Celebrating my sobriety
Leigh Frank, 51
(Photo courtesy of self. Tattoo by Jill Krznaric.)
“I’ve been sober for over four years now. I got the tattoo of a woman diving into a teacup first. The metaphor was supposed to be me immersing myself in the serenity of a lovely cup of tea, as opposed to the chaos that went along with alcohol use. But after I got that one, it didn’t feel like the story was complete. I started thinking about what the first half of my story would look like—and I felt like hitting rock bottom was very much like getting shot out of a cannon, hence the skull and crossbones. Now I feel like my tattoos tell the whole story.”
Rediscovering my sexuality
Nefertiti Moore, 47
(Photo courtesy of self. Tattoo by Will Tran.)
“I am having my sexual experimentation phase at 47. I was in a relationship, and I thought we were monogamous, but he wasn’t being ethical. After that experience, I became disenchanted. I waited 18 months before putting myself out there again. Now that I have taken control of my dating life, I find that I want to experiment. I’ve always had relationships with multiple people, and polyamory was easy for me to wrap my head around once I figured out that I was dating that way anyway. It’s funny because none of this feels new—it feels like I am finally owning it. Traditionally, a unicorn is a bisexual person who joins couples. I am not bisexual, but I am polyamorous and interested in exploring group sex. However, the tattoo has a double meaning for me: I am becoming the mythical creature I’ve always been.”
Reclaiming my power after cancer
Sandra Roldan, 40
(Photo and tattoo by Sasha Woland.)
“I got this dark butterfly tattoo almost exactly one year to the day after finishing treatment for breast cancer. There is a lot of butterfly imagery in the cancer world because of the idea of rebirth after treatment. Butterflies have always seemed really girly and ‘live, laugh, love’ cliché to me. My own style is what many might refer to as goth, and my experience was definitely not cute. Adding powerful ornamentation like the crescent moon and triangle motif fit more with my interest in the divine feminine. It’s a symbol of power as well as rebirth.”
Smashing cultural expectations
Yun Yu Quinn, 36
(Photo courtesy of self. Tattoo by Jay Shin.)
“Turning 30 was a huge challenge for me. I felt like I was sooo behind on my timeline. At 31, when I got this tattoo, I was much more comfortable in my skin. I joke that I lacked wisdom, so I got the word in Chinese tattooed on me, but I think that’s when my wisdom kicked in. I wanted to show that women can be wise and they shouldn’t hide it from their counterparts because it’s more appropriate to be modest. Yes, Chinese culture has done a number on me!
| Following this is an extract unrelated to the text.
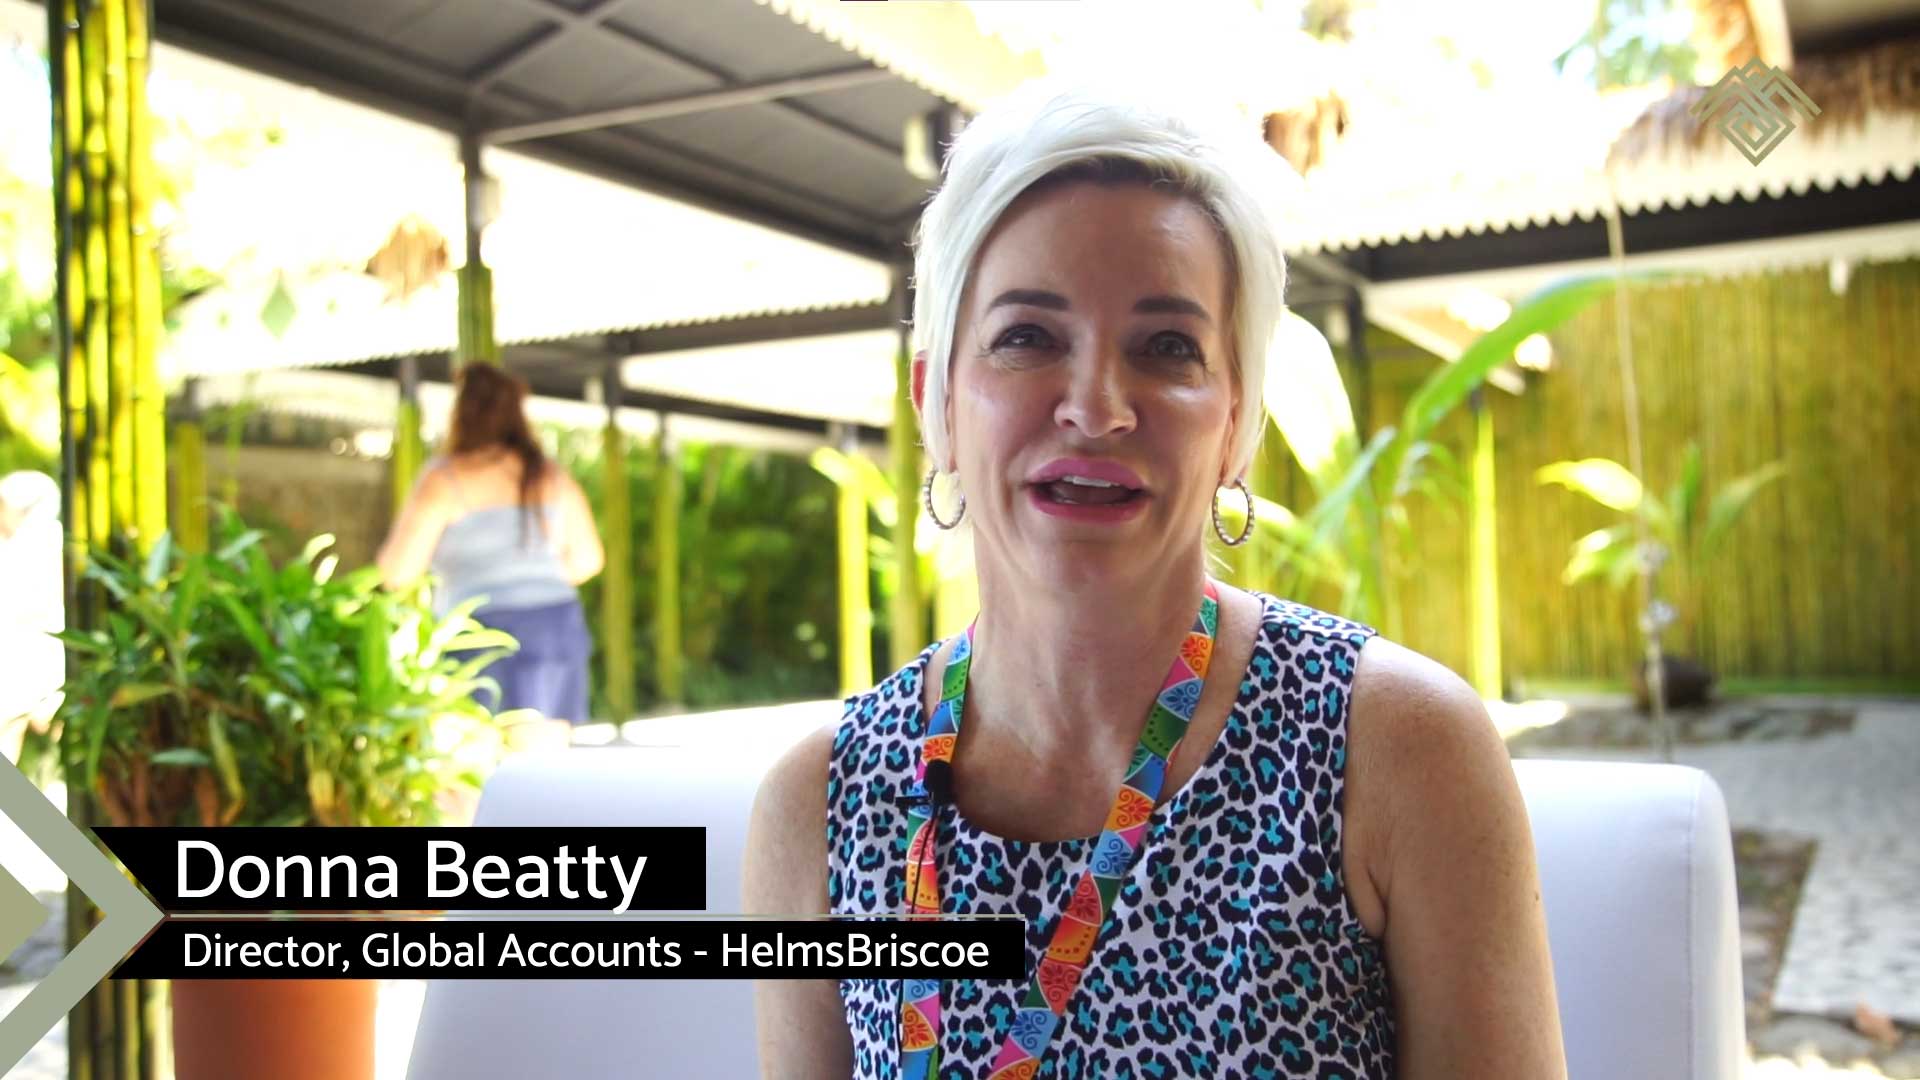 Donna Beatty - Director, Global Accounts - HelmsBriscoe

It was an act of self-love, breaking away from family expectations and society’s norms.”
Honoring my body on my terms
Talia Hoskin*
(Photo courtesy of self. Tattoo by Jo Ann Atwood.)
“I was diagnosed with stage III triple-negative breast cancer at 32 weeks pregnant. It was, ironically, the day after my maternity photo shoot. I had an emergency C-section at 35 weeks and started chemo two weeks after that. After six months of IV chemo, I had a double mastectomy. Then, after 35 rounds of radiation, I had a total hysterectomy, followed by eight more months of oral chemo. My son’s first year of life was a complete haze to me. I was so tired. Facing your mortality every single day is exhausting. By the time I considered breast reconstruction, I’d already had so many surgeries, I decided to stay flat. But I always knew I wanted a mastectomy tattoo. I felt like, They can cut me up and do whatever it takes, but I want to put something there on my own terms. I got the tattoo through Personal Ink (P.ink), a program organized by the nonprofit f*ck Cancer, which connects breast cancer survivors with tattoo artists. The art is beautiful, and the pain was worth it. I’m really happy when I see it poking out of my tank top.” *Not her real name.